Addio al vicesindaco aveva 49 anni

SCHIAVI. Il 6 dicembre avrebbe compiuto 50 anni e il prossimo 22 agosto avrebbe festeggiato l'evento con tutti i coetanei di Schiavi. Non ha fatto in tempo. Schiavi d'Abruzzo e il mondo politico del...
SCHIAVI. Il 6 dicembre avrebbe compiuto 50 anni e il prossimo 22 agosto avrebbe festeggiato l'evento con tutti i coetanei di Schiavi.

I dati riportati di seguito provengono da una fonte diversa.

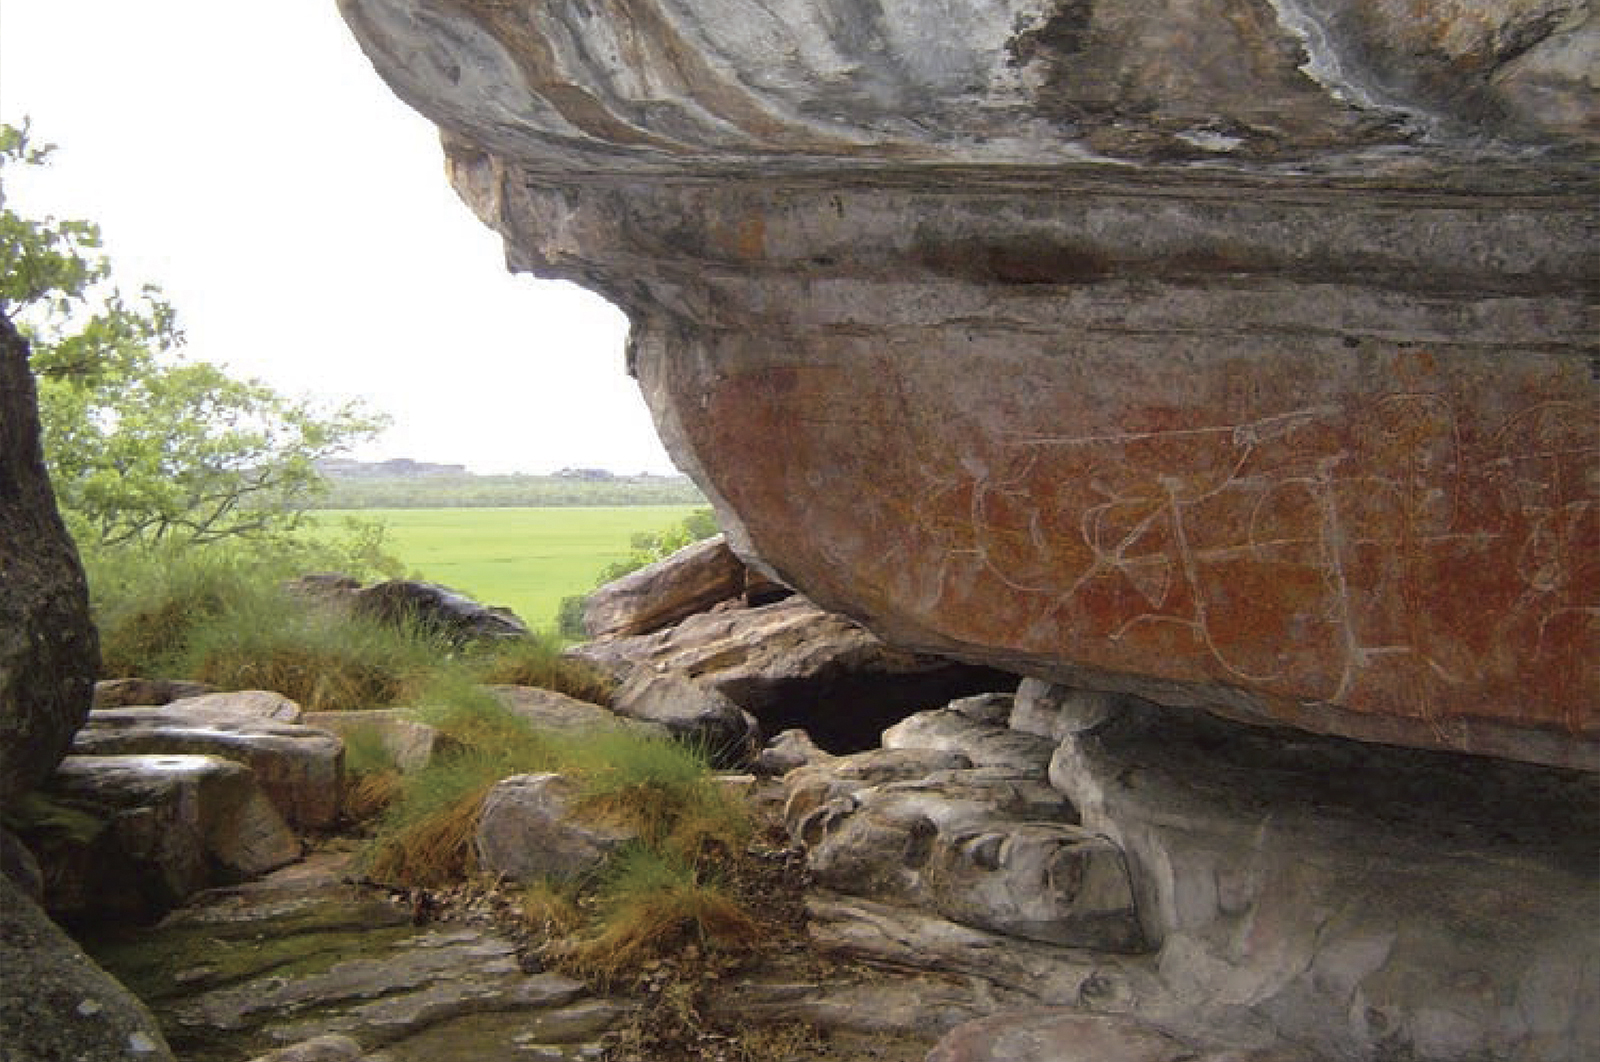 The record of climate change and human adaption: Kakadu National Park, a World Heritage site in Australia, contains one of the world’s greatest concentrations of rock art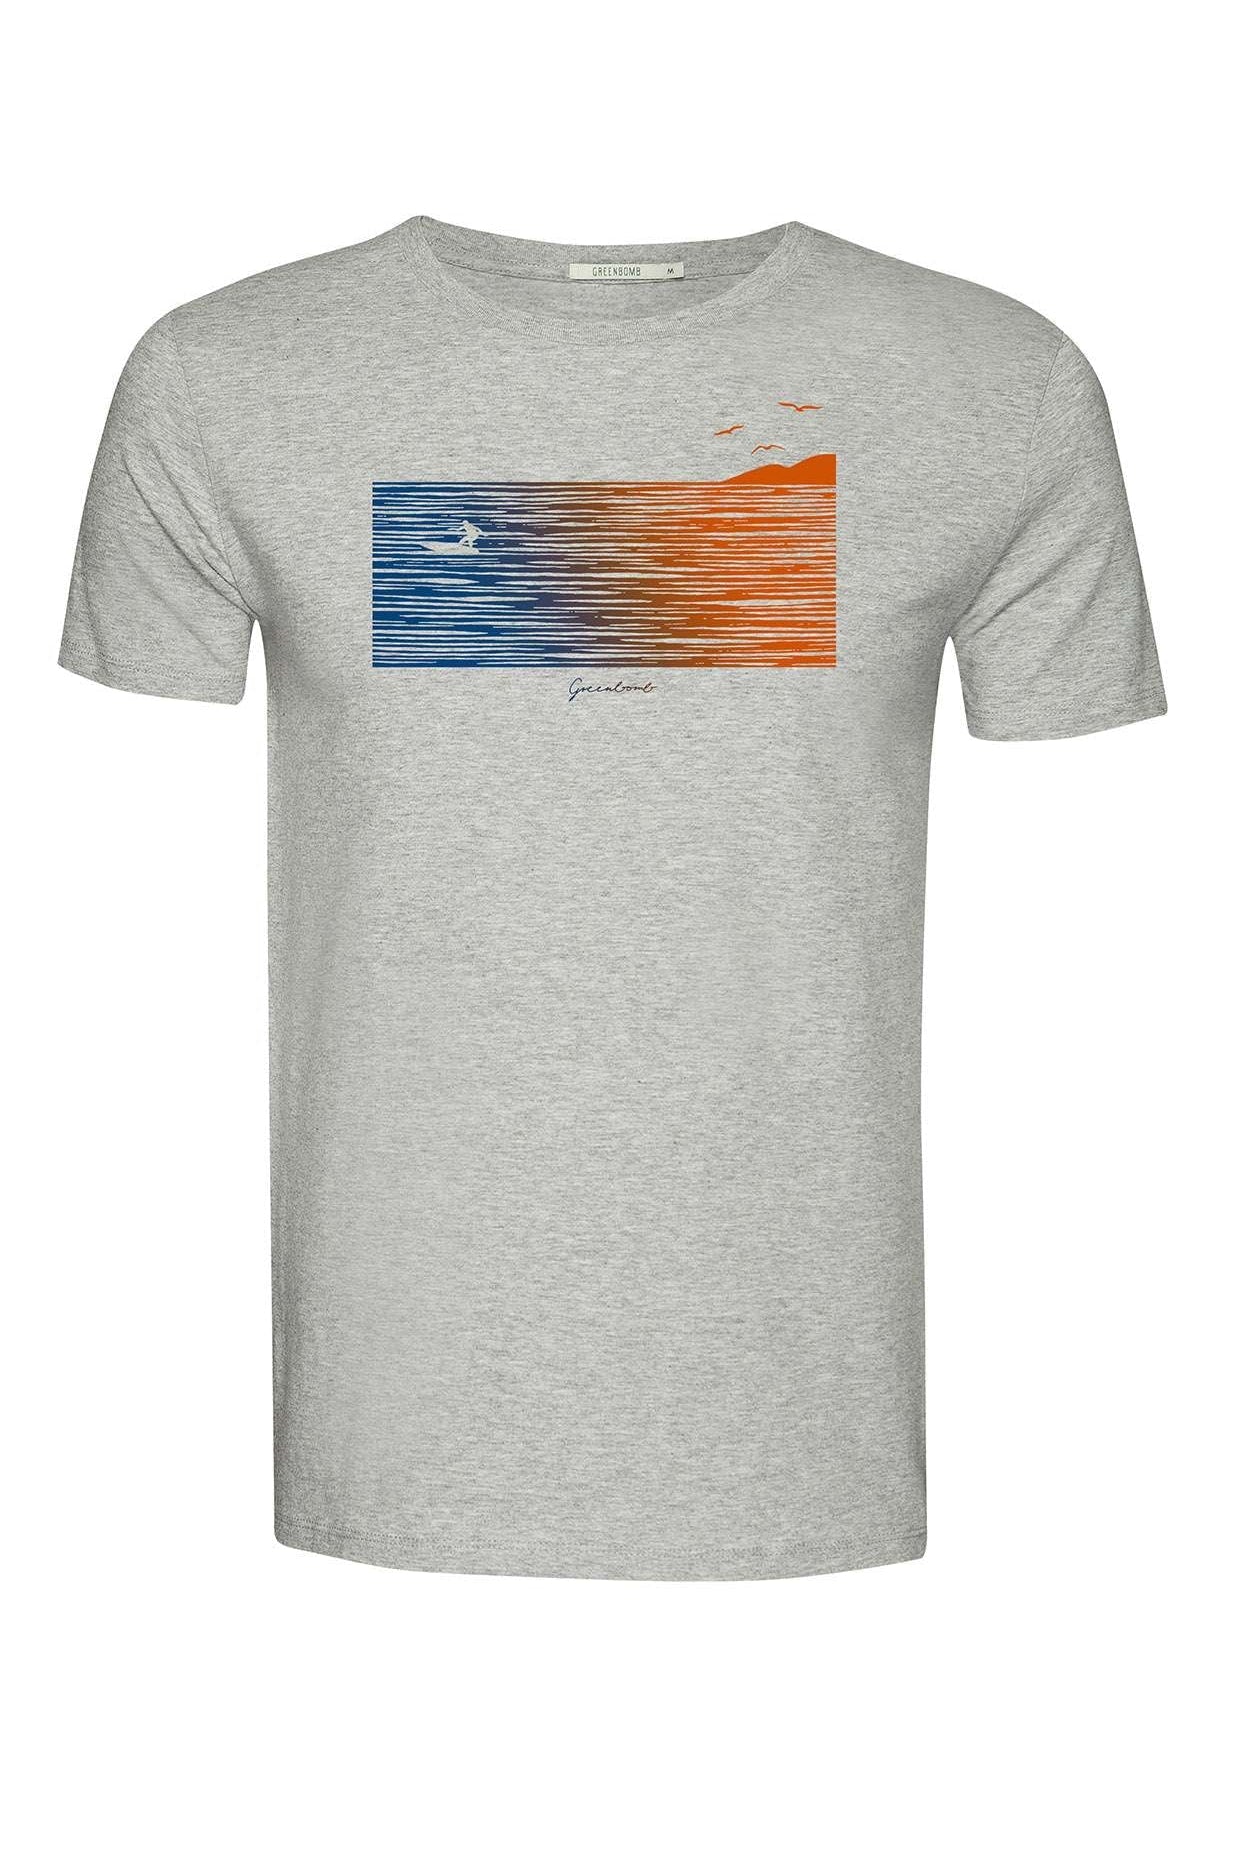 Greenbomb Nature Waves Solo Guide T-Shirt - Heather Grey-Mens-Ohh! By Gum - Shop Sustainable

Non ha fatto in tempo. Schiavi d'Abruzzo e il mondo politico del Vastese sono in lutto per la scomparsa di Ernesto Fiorito, vicesindaco del paese. Fiorito, ha cercato di lottare con tutte le sue forze contro la malattia. «Eravamo convinti che ce l'avesse fatta. Per questo la sua morte ci rattrista tantissimo», ha dichiarato l'ex consigliere regionale amico e compaesano di Fiorito, Paolo Palomba. «La notizia ha rattristato tutti». Il sindaco Luciano Piluso è stato fra i primi ad esprimere il proprio cordoglio alla famiglia. Il cuore di Ernesto Fiorito , fratello del presidente di Confesercenti, Elio Fiorito si è fermato ieri mattina all'ospedale San Pio , dove era ricoverato a causa del repentino aggravamento delle sue condizioni. Esponente del centrosinistra, ha ricoperto per due mandati la carica di vicesindaco di Schiavi d'Abruzzo. Profondamente attaccato al suo paese ha lavorato con passione alla realizzazione della biblioteca, ora sede dell'Archeoclub di cui è stato vicepresidente. Il feretro è stato riportato ieri pomeriggio a Schiavi. La camera ardente è stata allestita nella sua casa. Le esequie saranno celebrate oggi pomeriggio nella chiesa di San Maurizio Martire.(p.c.)